> _Dataset extract_
=== Begin Enclosure ===

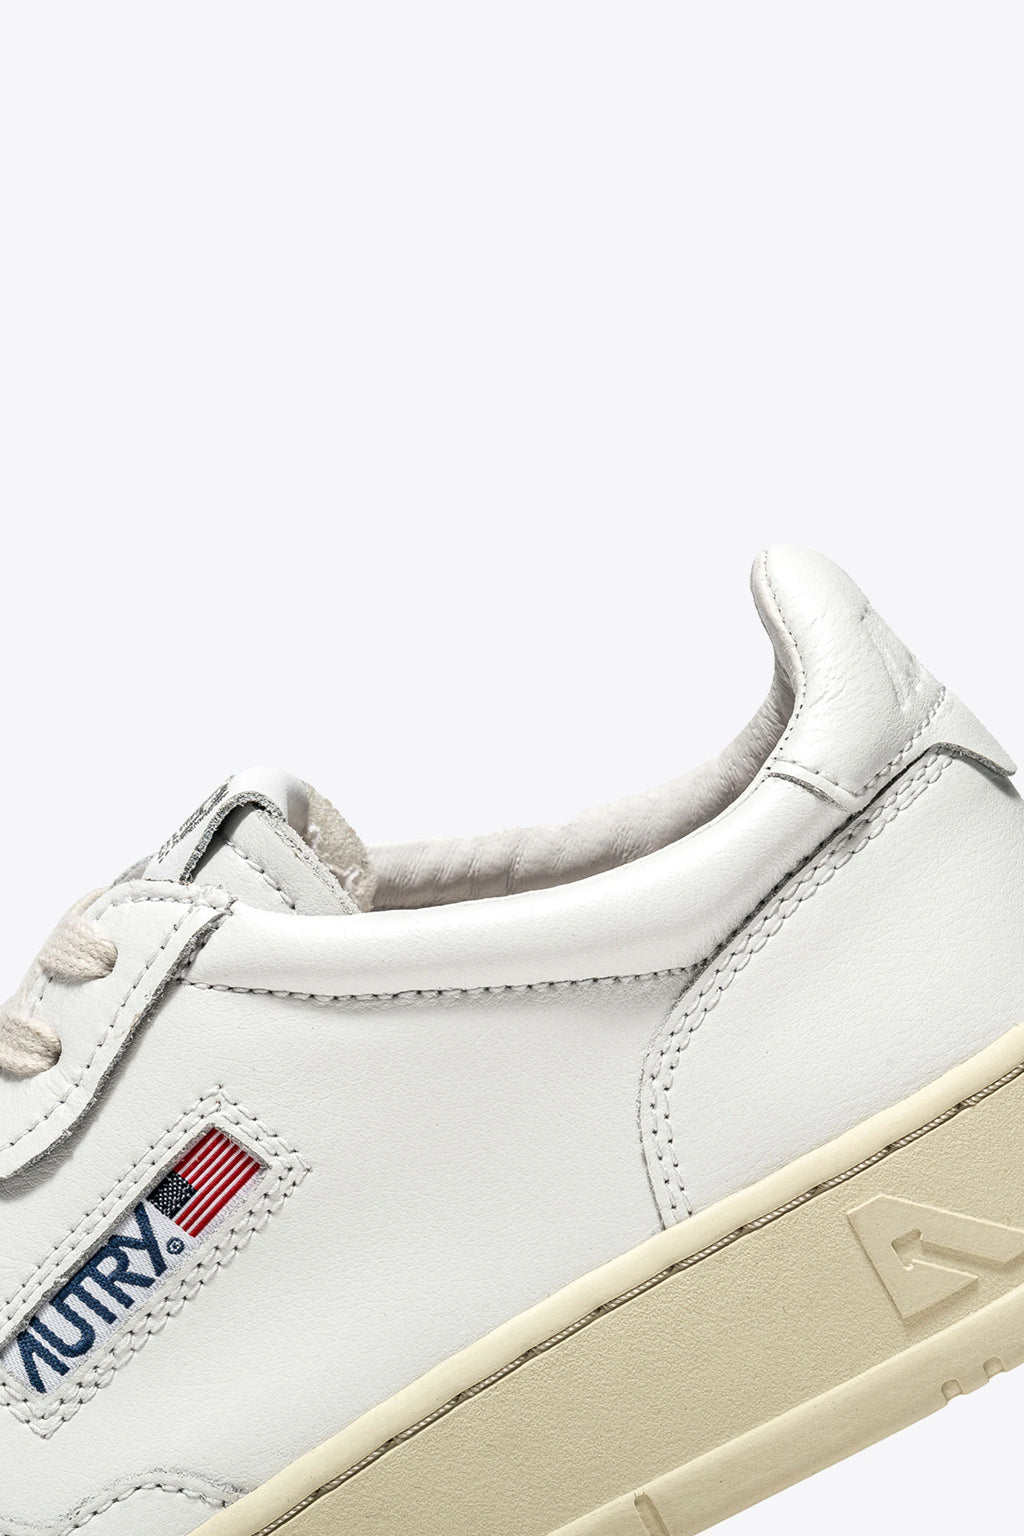 alt-image__White-leather-low-sneakers---Medalist-low
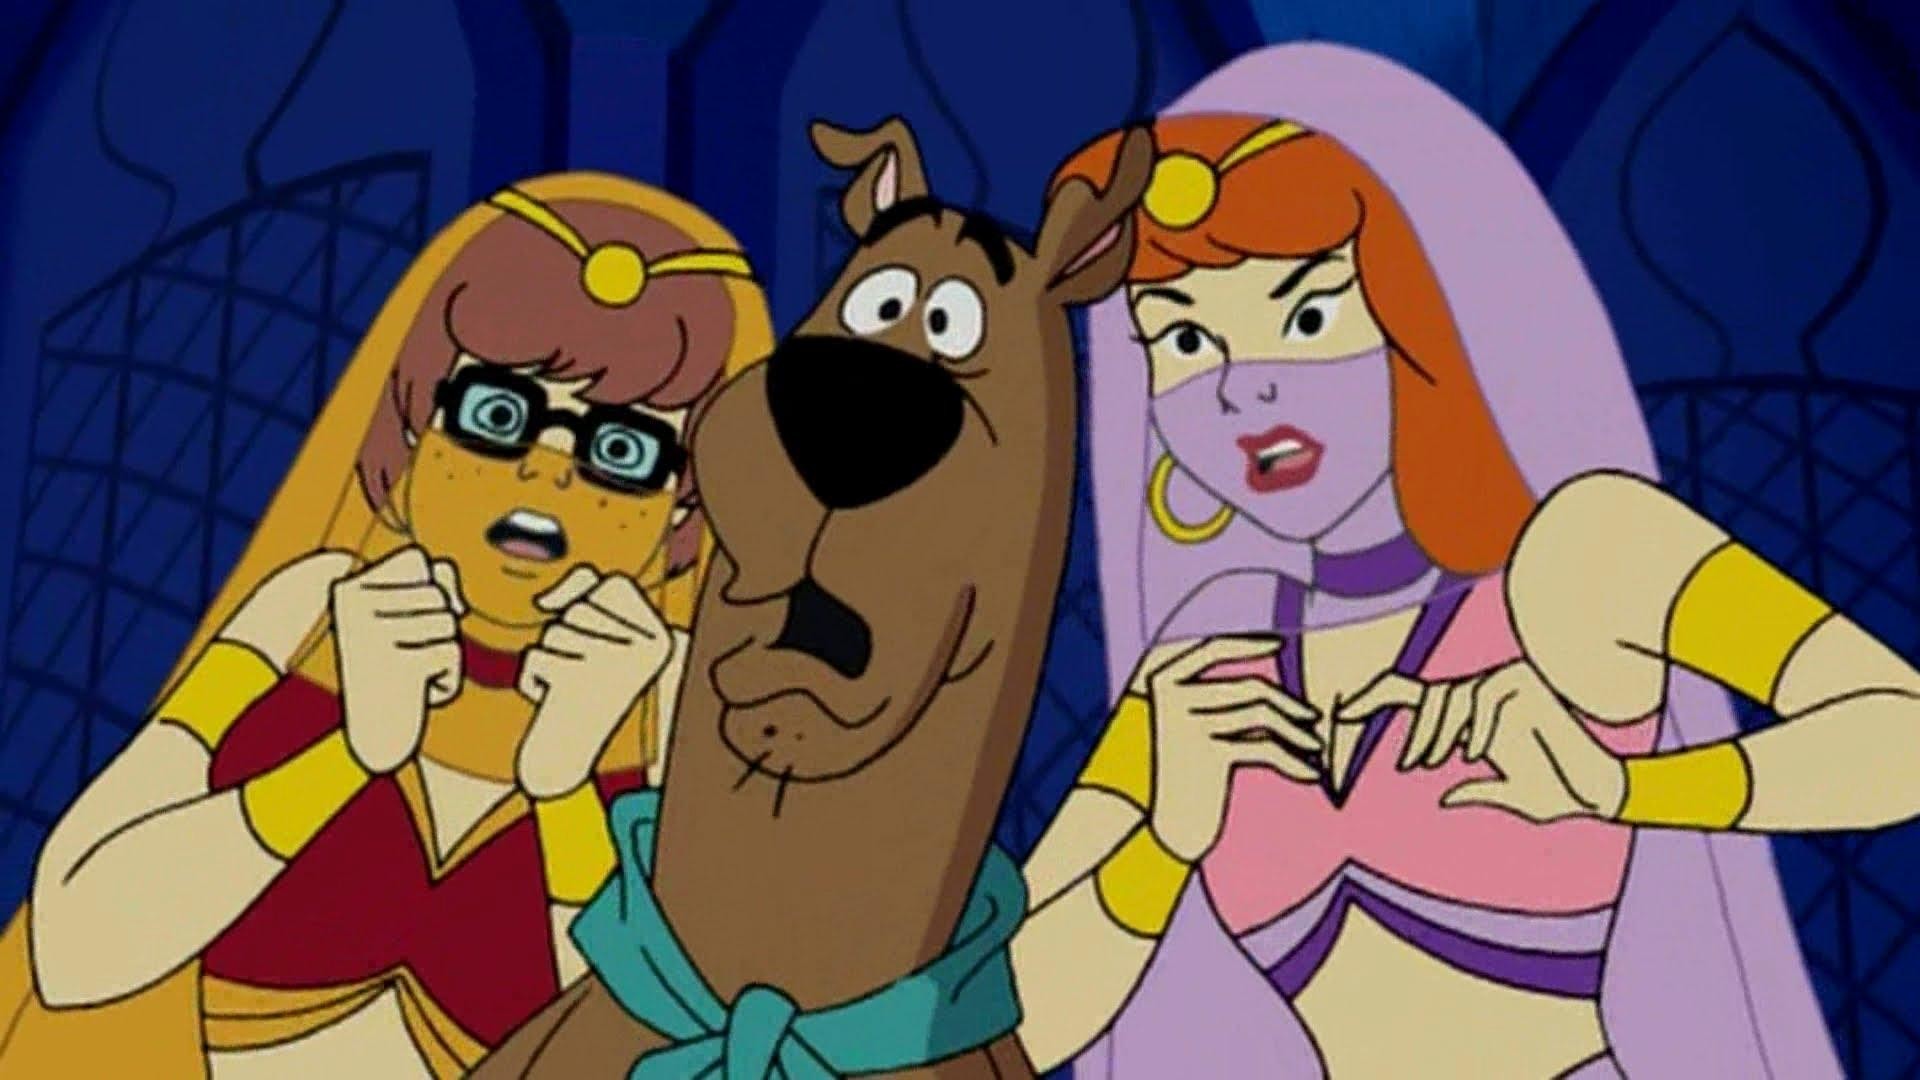 1920x1080 wallpaper.wiki-HD-Scooby-Doo-Images-PIC-WPD00999
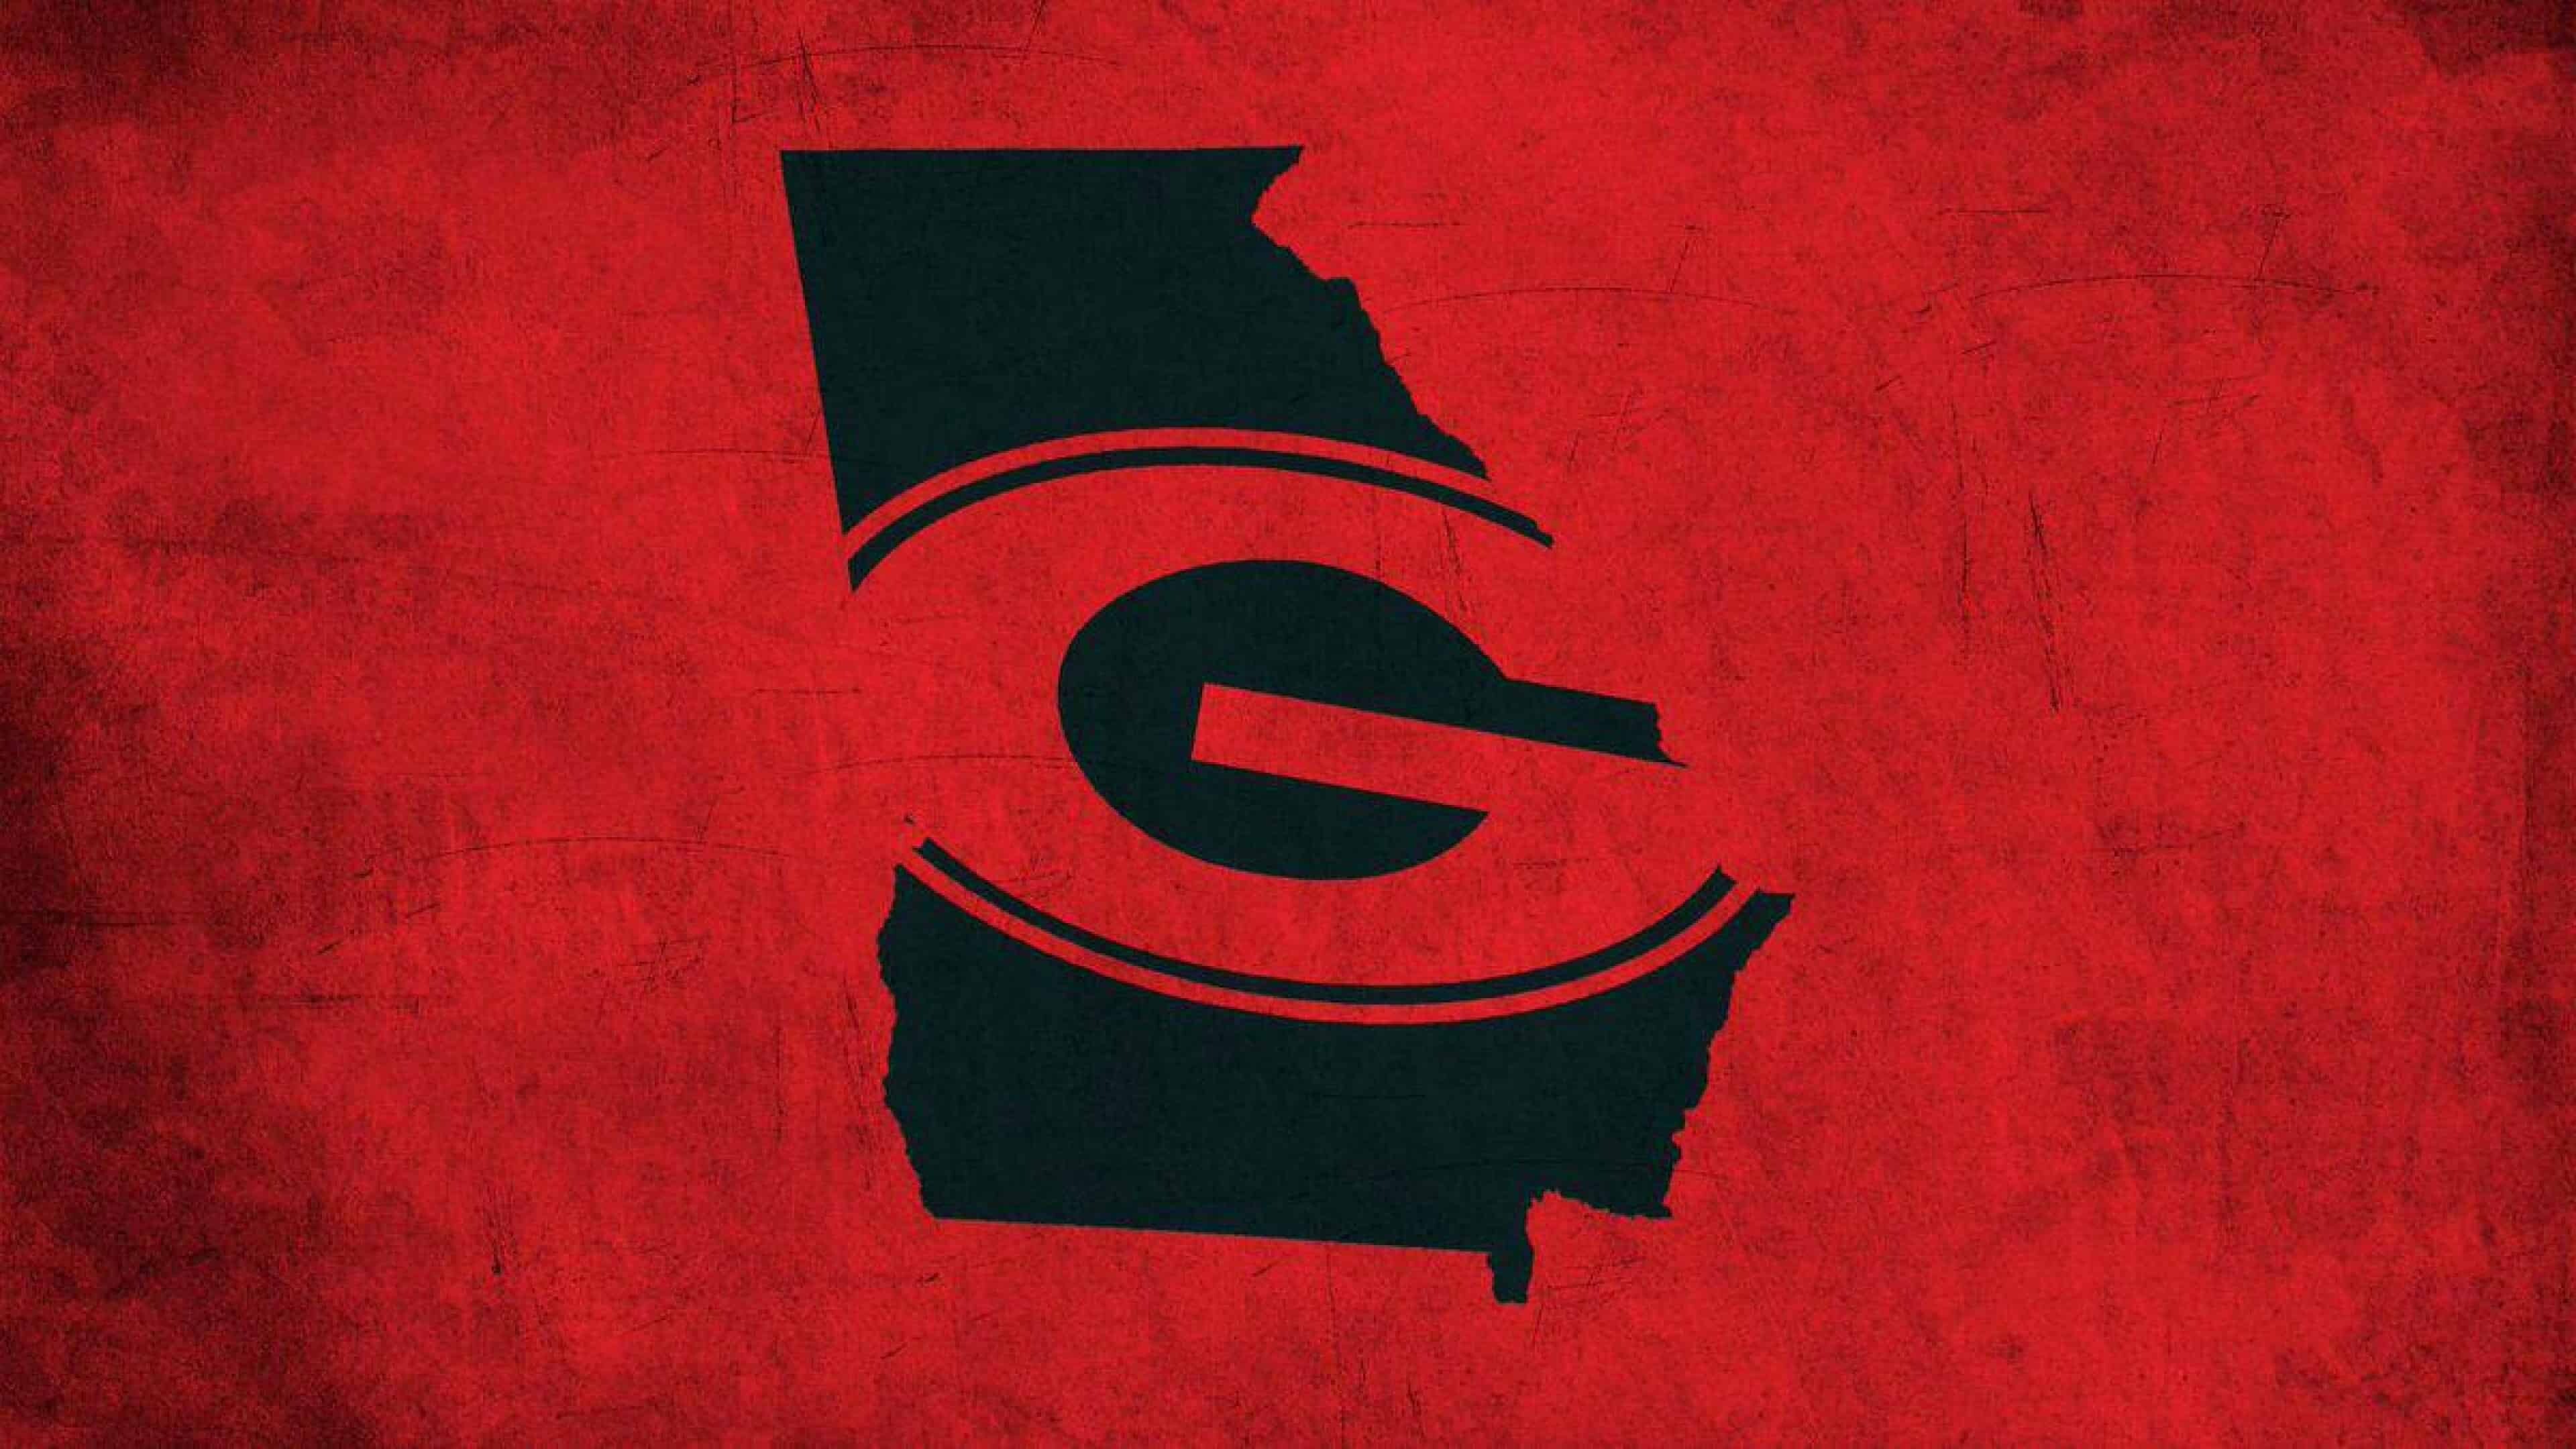 Georgia Bulldogs: Black, Red, Minimalistic, The team that compete in the Football Bowl Subdivision. 3840x2160 4K Wallpaper.

=== End Enclosure ===

> _Assigned task_
None of the pictures belong in the copy. Write out exactly the lines from the line that holds "1920x1080 wallpaper.wiki-HD-Scooby-Doo-Images-PIC-WPD00999" through the last line of the listing above, both ends included.

> _Answer to this problem_
 1920x1080 wallpaper.wiki-HD-Scooby-Doo-Images-PIC-WPD00999
 Georgia Bulldogs: Black, Red, Minimalistic, The team that compete in the Football Bowl Subdivision. 3840x2160 4K Wallpaper.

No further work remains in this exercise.